----- Source data
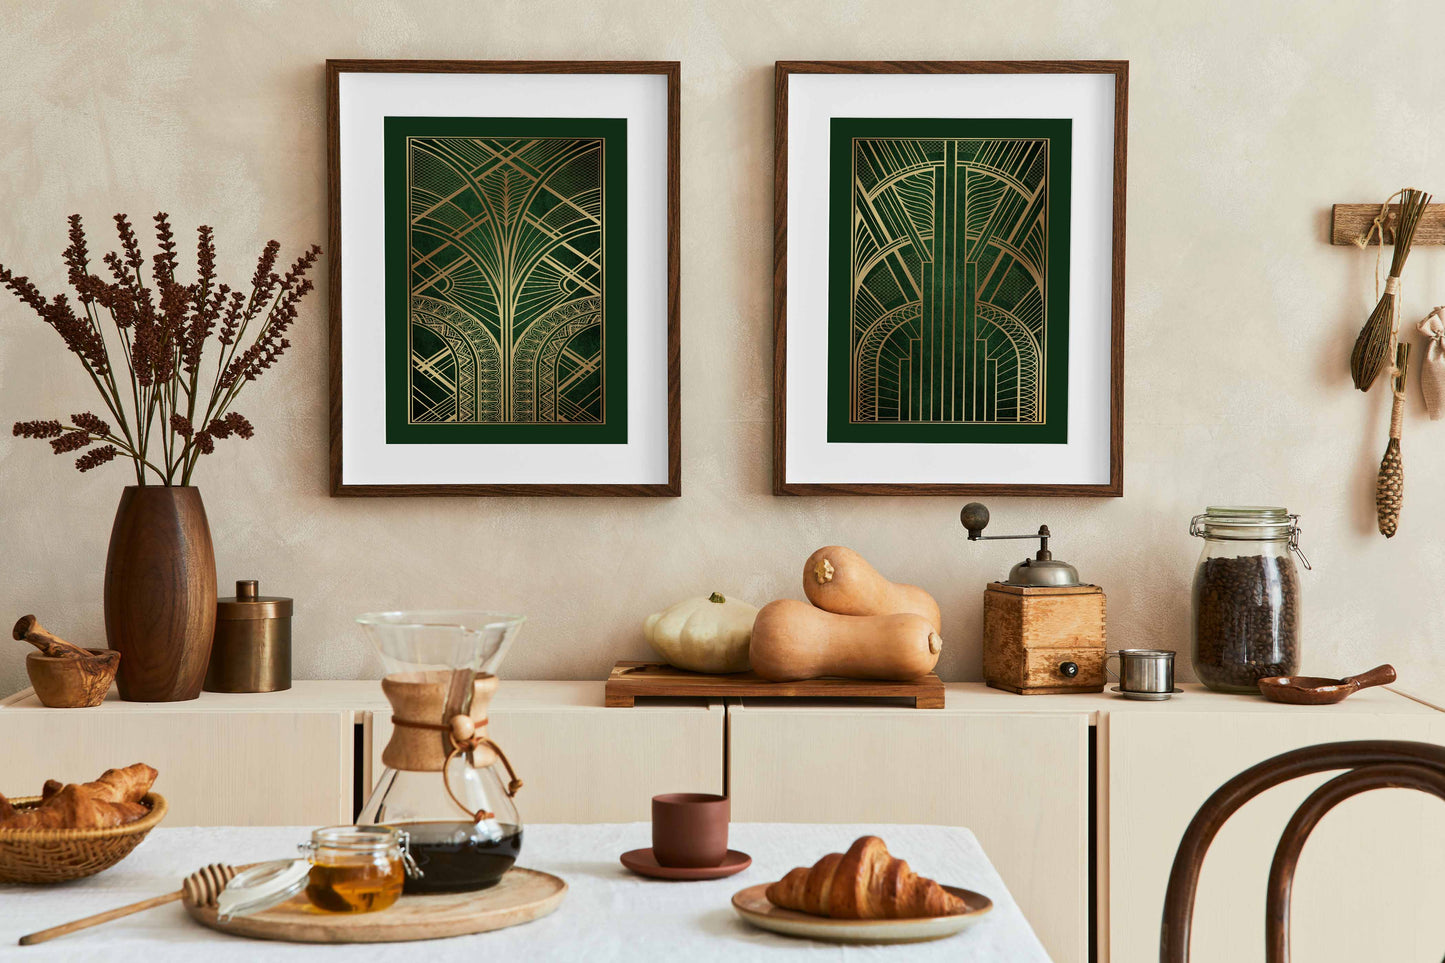 Set of green and gold art deco pattern prints
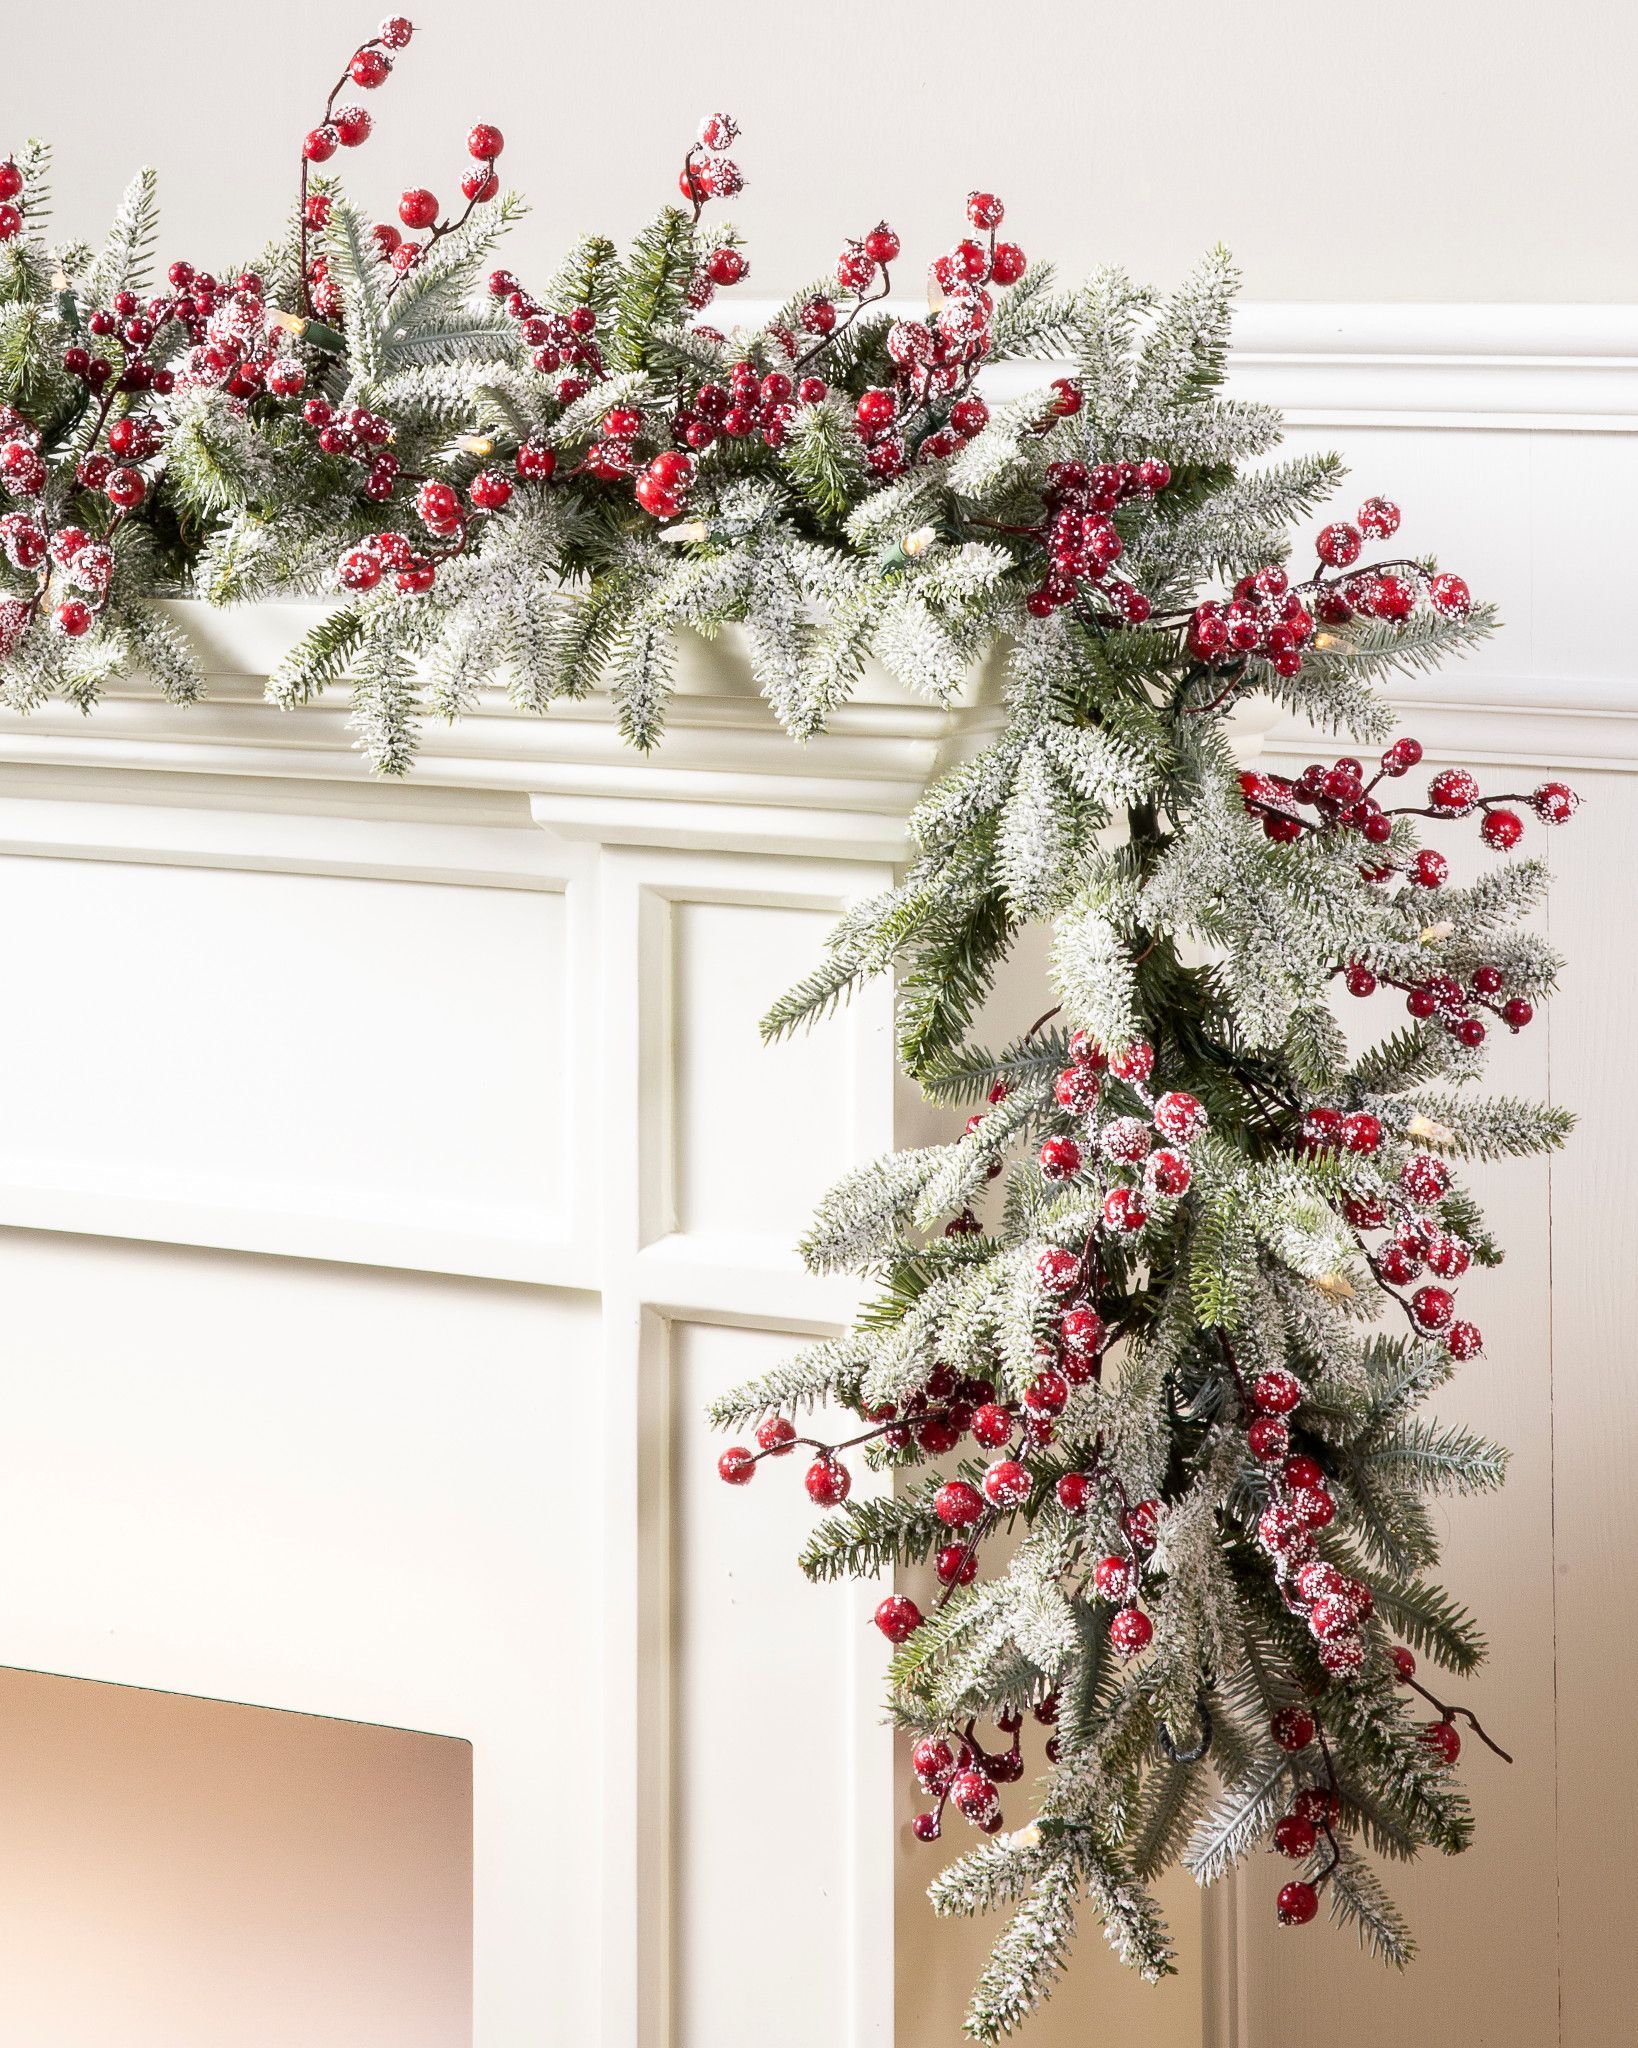 6' Red Berry Frosted Fraser Fir Artificial Christmas Garland, LED Clear by Balsam Hill -   19 christmas decor wreaths & garlands ideas
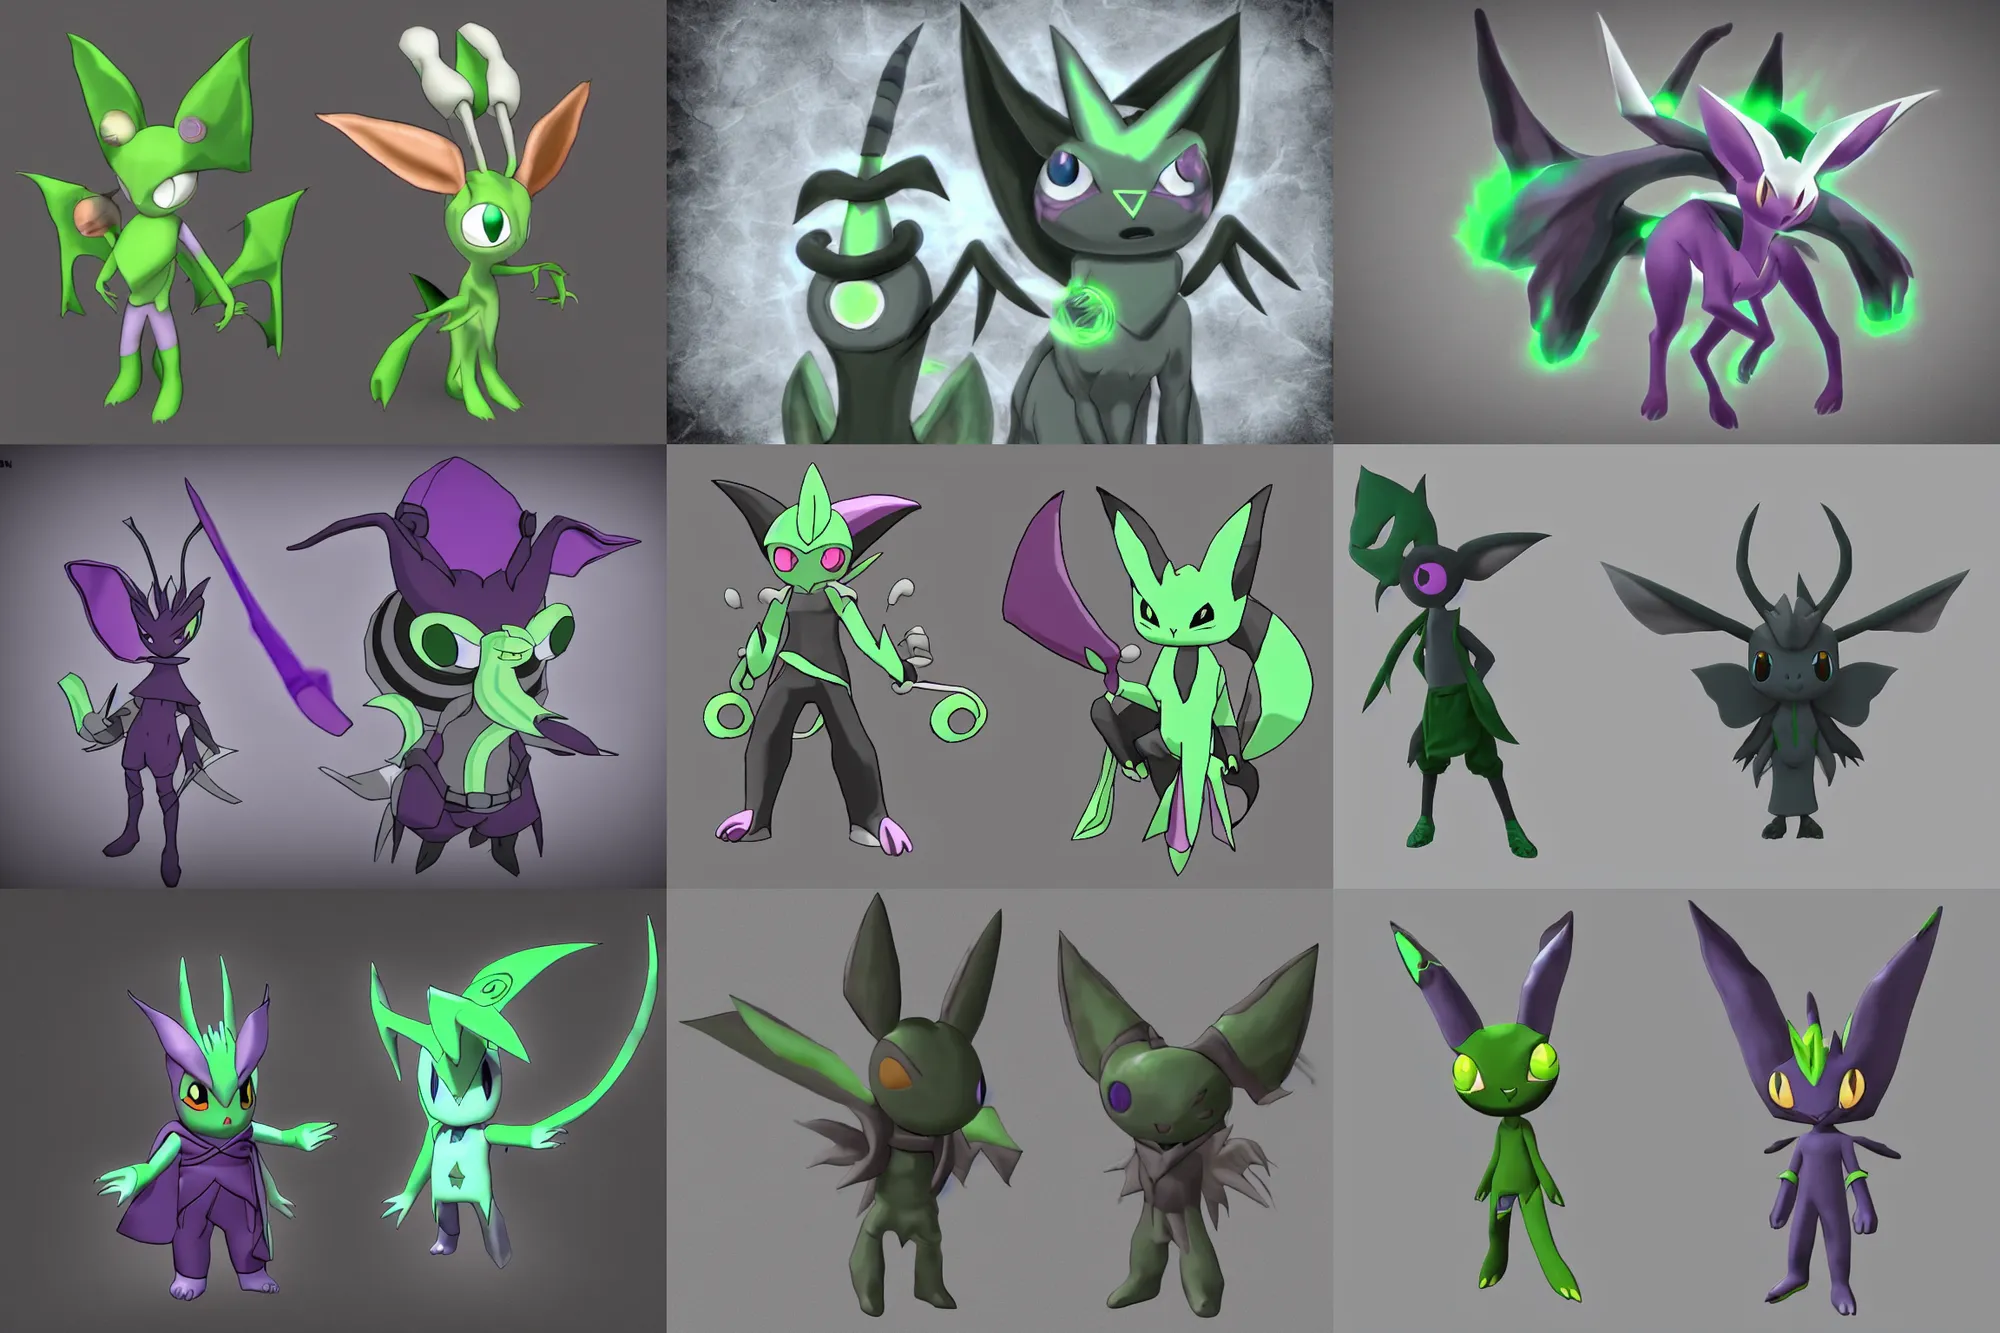 Prompt: grayscale low saturation video game elden clay celebi : espeons reprisal star valley resident evil mismagius oblivion mystery dungeon ultrahd resident eevee wearing bandanna fighting espeon, the old god wearing a witch hat pokemon final 3 d render
----------
* **Exercise directions**
Skipping the images, write out the whole listing exactly.

* **Answer to this task**
 Set of green and gold art deco pattern prints
 6' Red Berry Frosted Fraser Fir Artificial Christmas Garland, LED Clear by Balsam Hill -   19 christmas decor wreaths & garlands ideas
 Prompt: grayscale low saturation video game elden clay celebi : espeons reprisal star valley resident evil mismagius oblivion mystery dungeon ultrahd resident eevee wearing bandanna fighting espeon, the old god wearing a witch hat pokemon final 3 d render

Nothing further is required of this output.